In this Thursday, May 6, 2010 file photo, a radiologist uses a magnifying glass to check mammograms.
In this Thursday, May 6, 2010 file photo, a radiologist uses a magnifying glass to check mammograms. AP Photo/Damian Dovarganes, File

Alberta Health Services is terminating a contract that affects many radiologists at Calgary and Edmonton hospitals next year and the head of a group representing those who will be impacted says “the timing really couldn’t be worse.”

“This really couldn’t have been announced at a worse time and it just comes across as cruel and petty,” Dr. Robert Davies, president of the Alberta Society of Radiologists, told Global News on Monday night. “In the short-term, radiologists, like other physicians in the province, are focused on getting prepared for the COVID-19 epidemic.

“The timing of this announcement is as awful as it is unnecessary and I’m really worried about the impact on the morale and the mental health of front-line providers… it just comes across as cruel and petty.”
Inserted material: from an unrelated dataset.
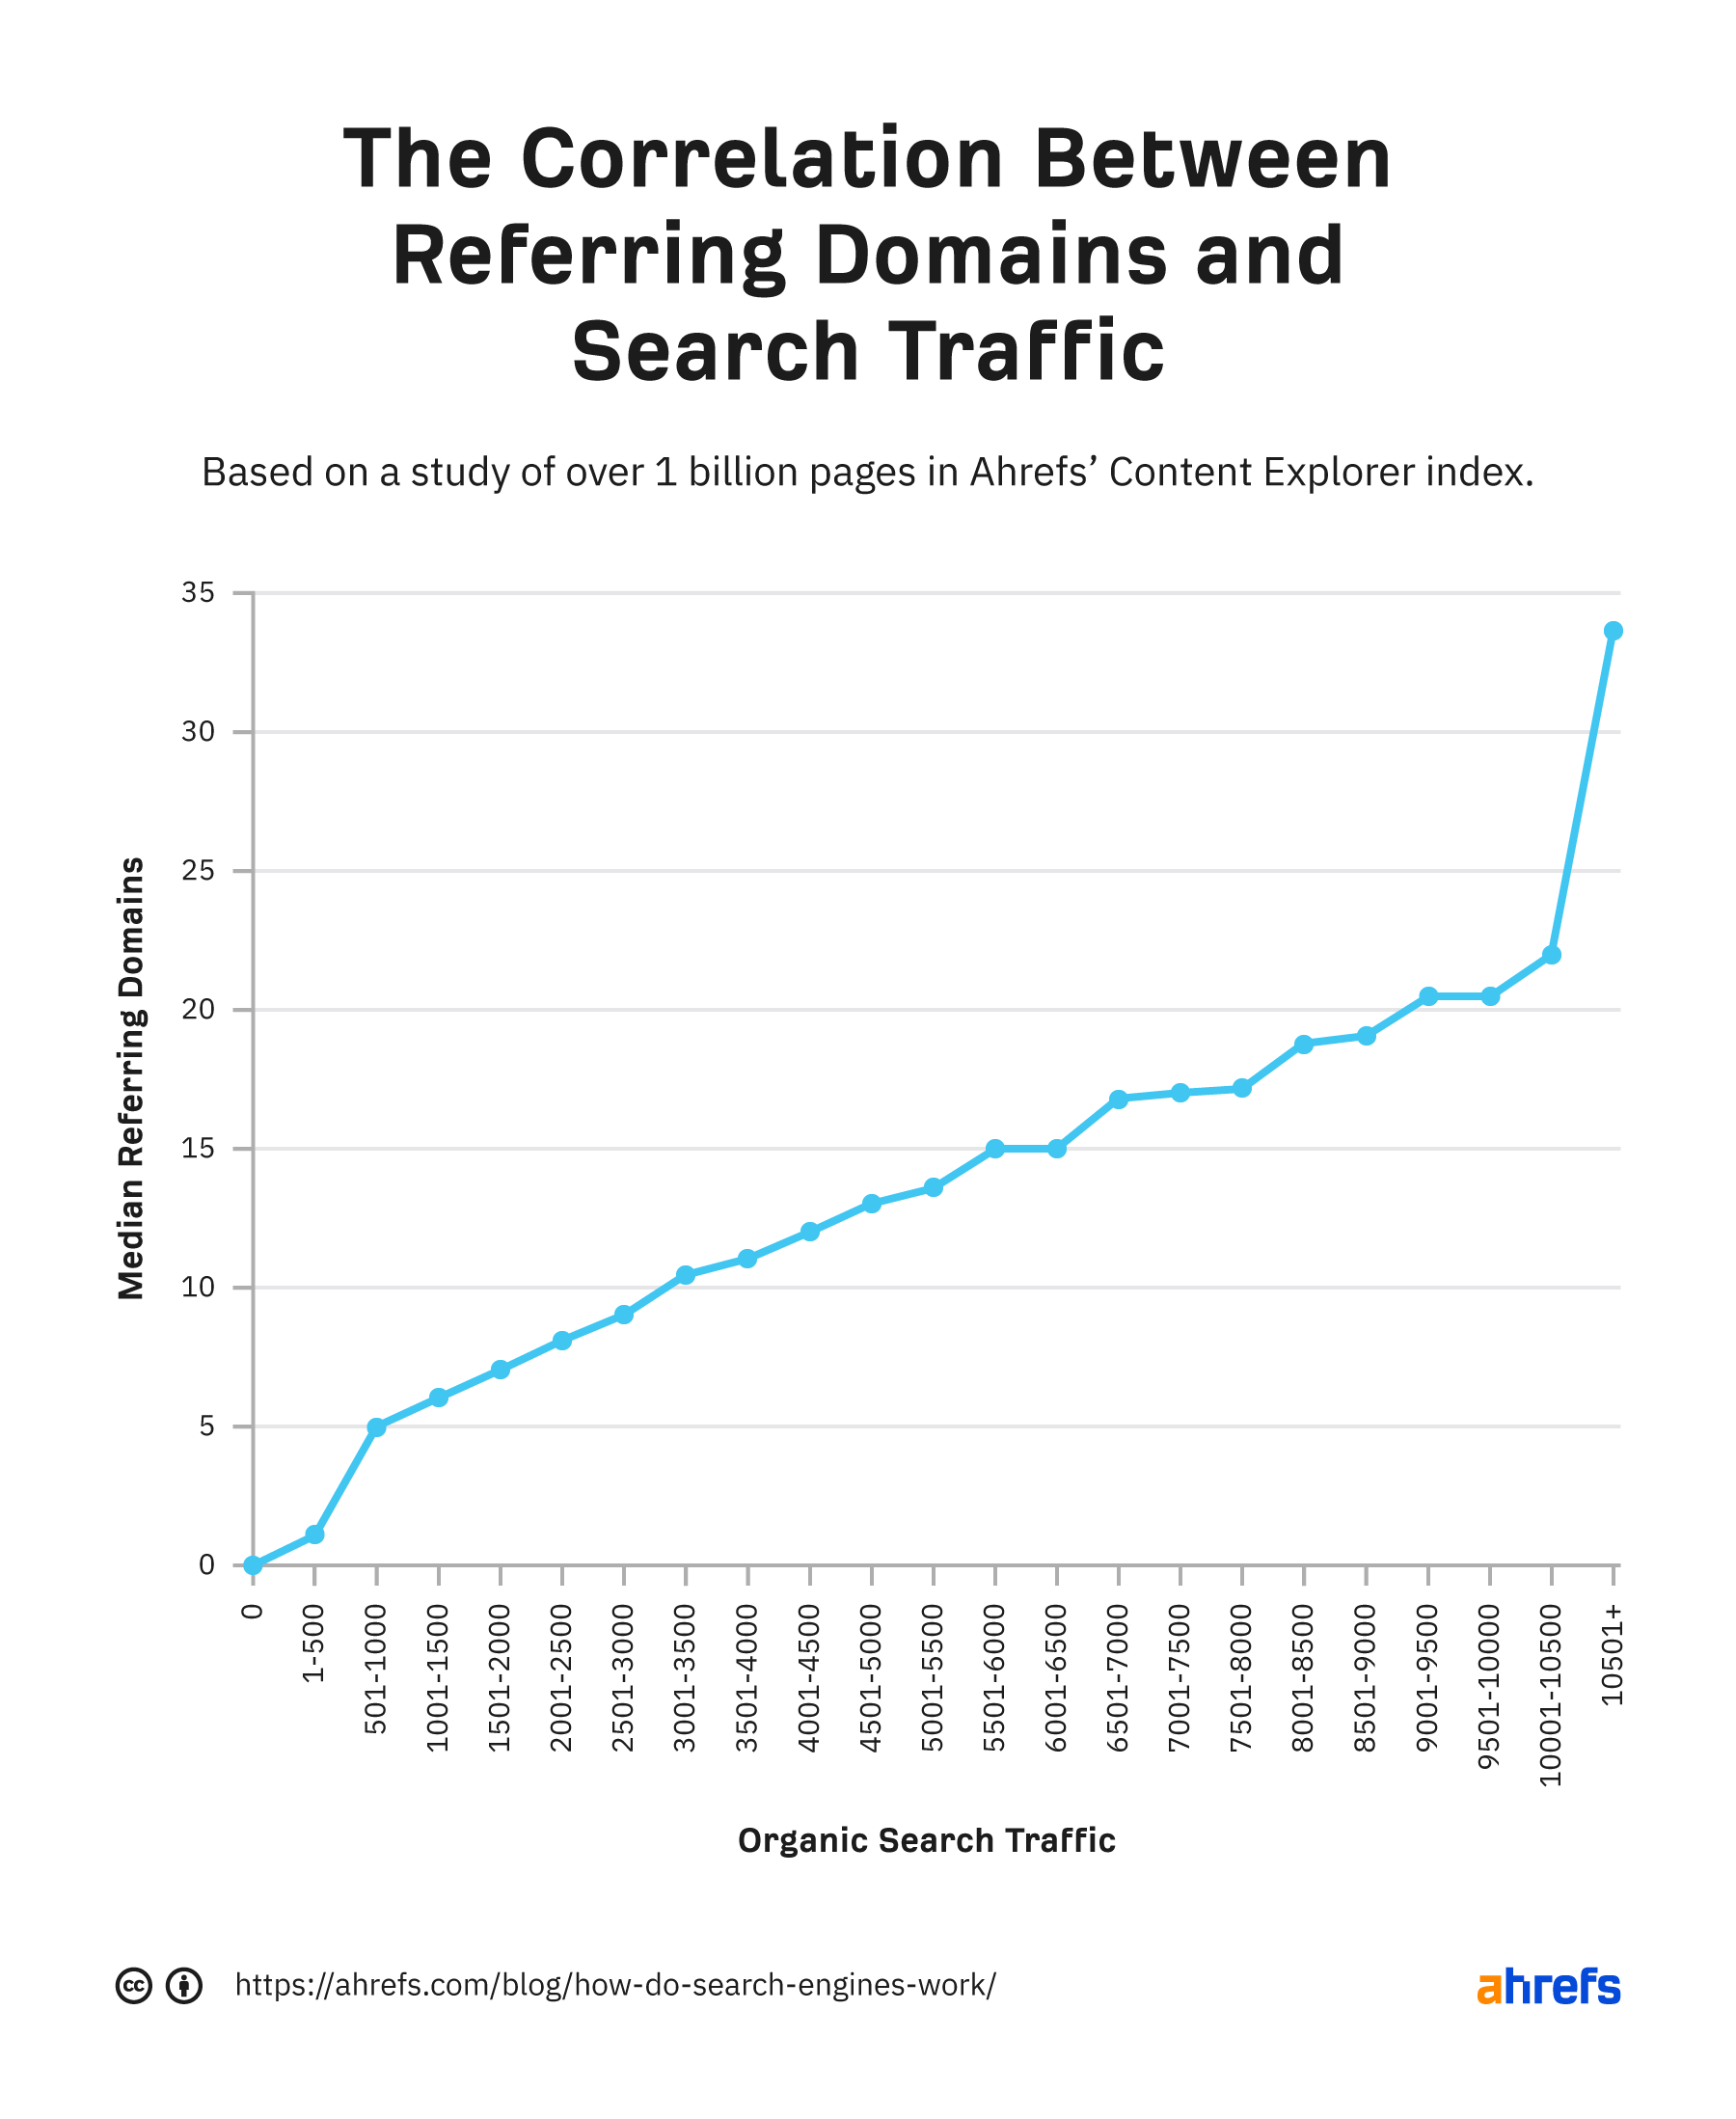 The correlation between referring domains and search traffic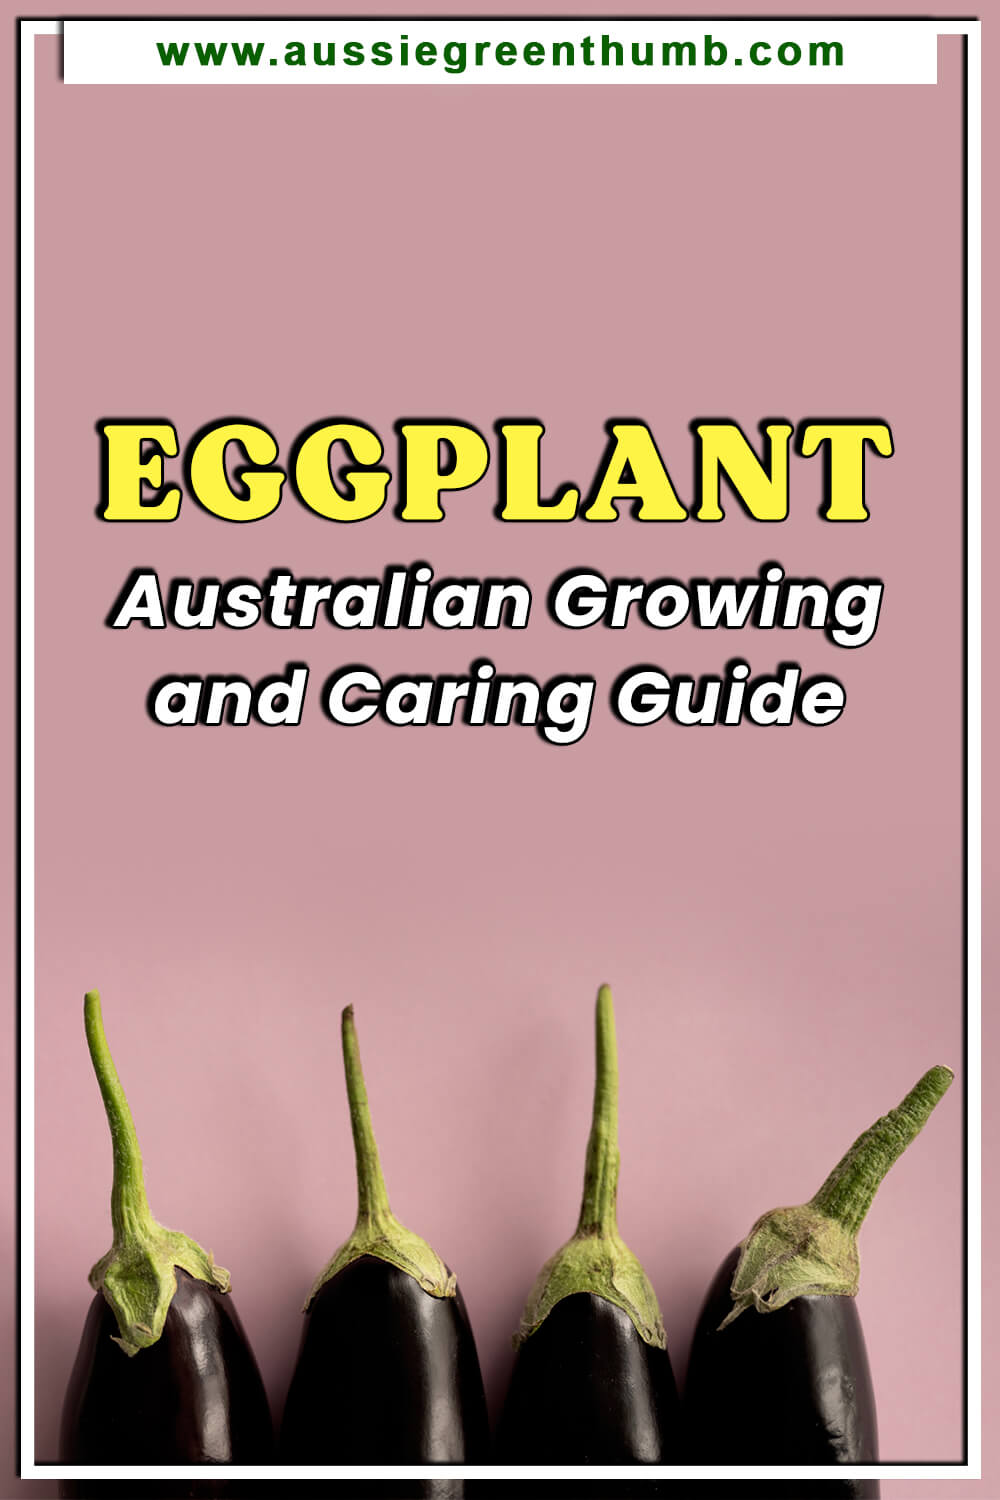 Eggplant – Australian Growing and Caring Guide

READ MORE: Edmonton doctors group raises concern about Alberta’s coronavirus preparedness

In an email sent earlier in the day, health ministry press secretary Steve Buick confirmed to Global News that the government has told the radiologists it will terminate the contract in a year and said the goal is to find cost savings and use those to reduce wait times for MRI and CT scans for Albertans.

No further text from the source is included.